Abstract

The energy used to move freight comprised about 17% of all the energy consumed in the United States in 2010. This percentage was an increase from 8.7% in 1970 even though fuel efficiency gradually improved over the period. One major reason of this phenomenon is that the longer supply chains of many industries caused by globalization increase freight movement. Various carbon policies have been discussed and even implemented for some industry sectors in the European Union to reduce carbon emissions. However, the emissions of surface transportation have not been well studied. This paper investigates three of the most common carbon policies: carbon emission tax, inflexible cap, and cap-and-trade. The impact on a company may include the redesign of its supply chains and different choices of transportation modes (truck, rail, or waterway). This paper proposes optimization models for major retailers, who make a huge contribution to freight movement, to design their supply chains under various carbon policies. The results from the models can help policy makers to predict the impact of policies on overall emissions in the freight transportation sector. The model may also be incorporated into the integrated assessment models for climate change analyses. Furthermore, a sensitivity analysis is conducted to study the impact of the policy parameters on carbon emissions and logistics cost. This research uses the supply chain of a major U.S. retailer (i.e., Wal-Mart) to demonstrate how to use the models and conduct the sensitivity analysis.

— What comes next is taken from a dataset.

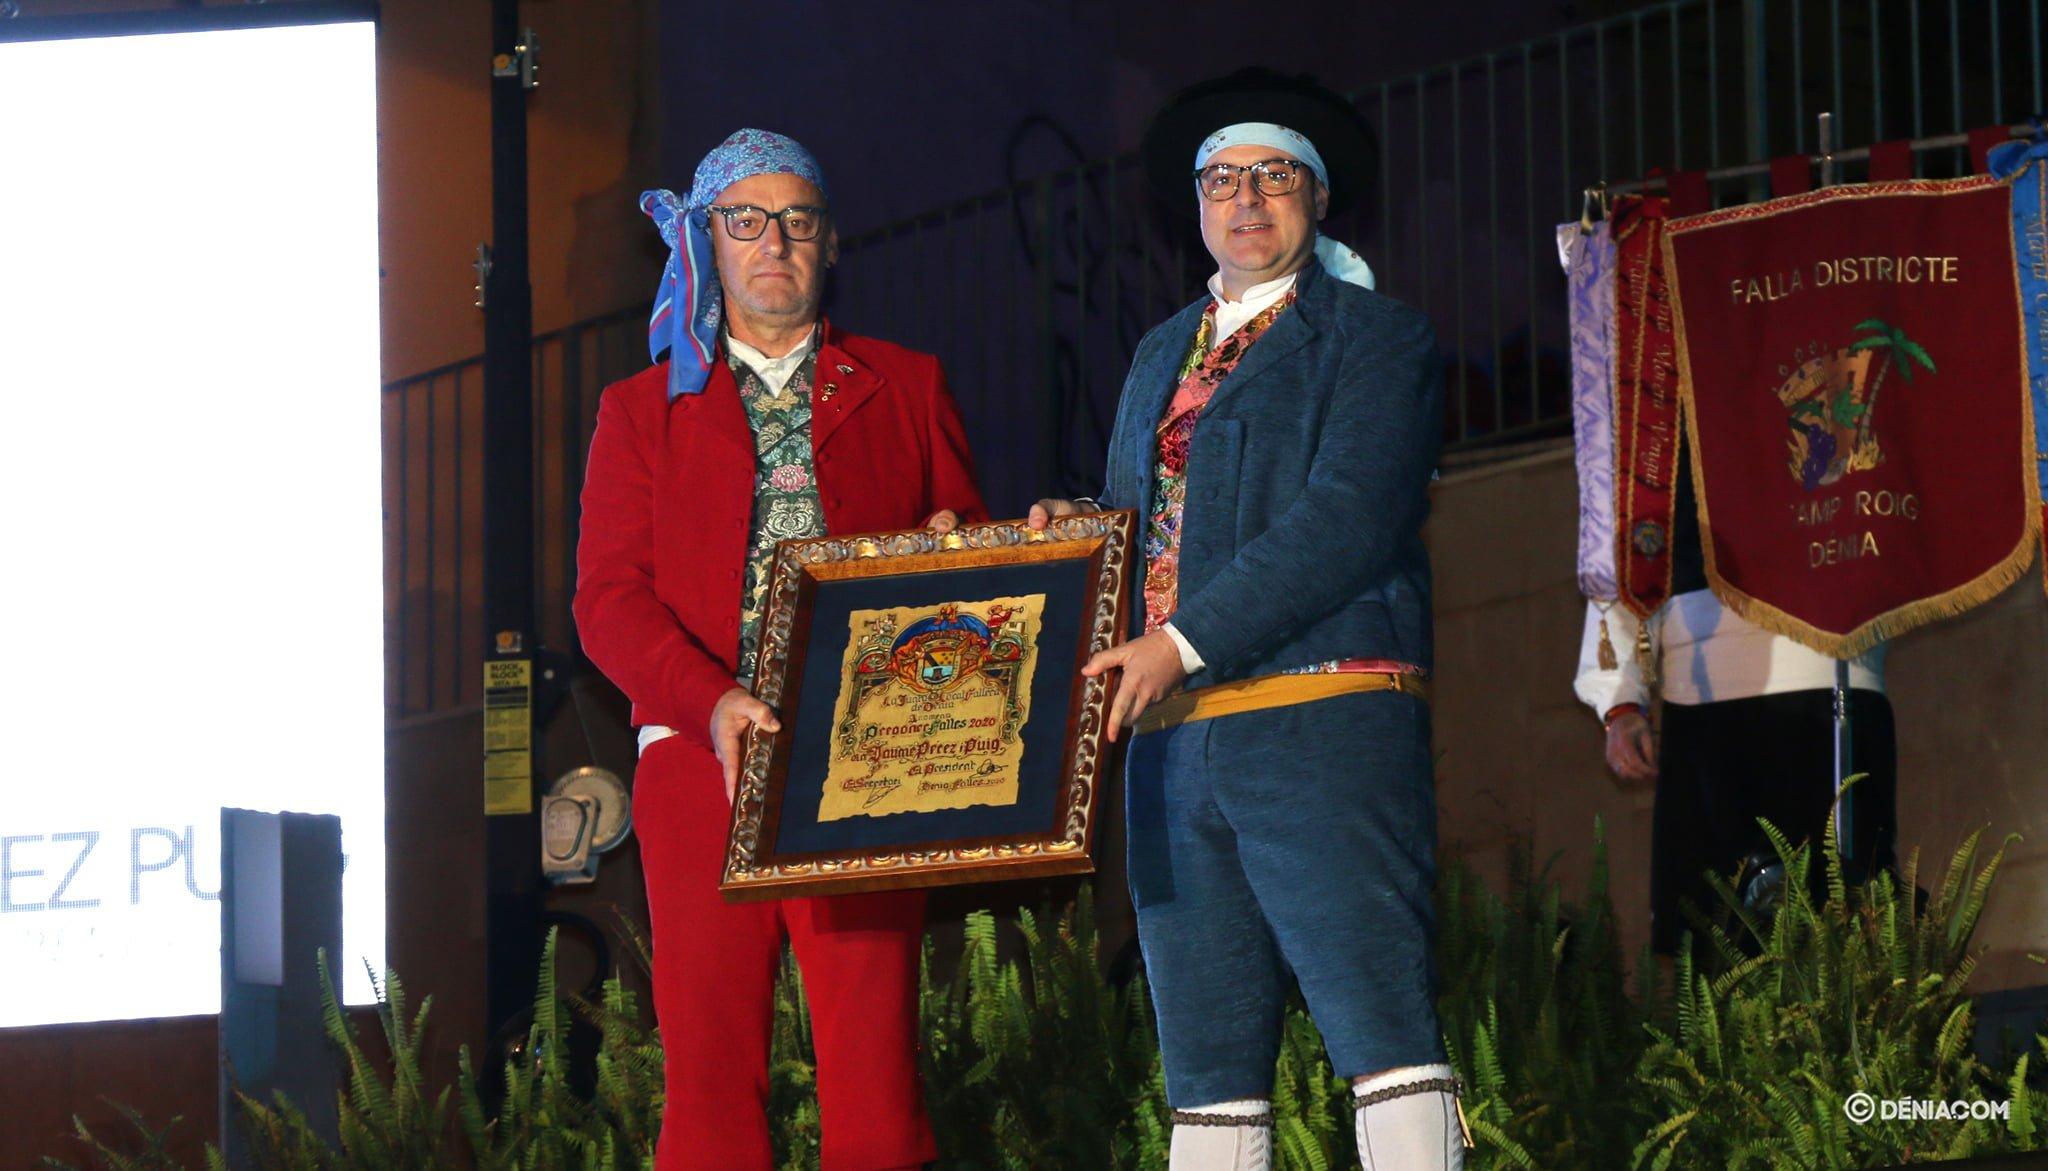 El presidente de la Junta Local Fallera hace entrega del diploma al pregonero 2020

In order to realize significant emission reduction, a redesign of supply chains of major retailers is necessary and will be triggered only by a high carbon tax rate, a high carbon price, or a very strict carbon cap, which all may involve high social and/or economic complexity. Numerical experiments show that different policies have different impacts on the costs and the effectiveness of emission reduction. How to choose policy parameters is critical to the effectiveness of a carbon policy. The different sensitivity also implies different challenges during the implementation of the policies, such as the high cost preventing retailers from accepting any carbon taxes and the difficulty of reaching an agreement on the carbon caps between retailers and policy makers.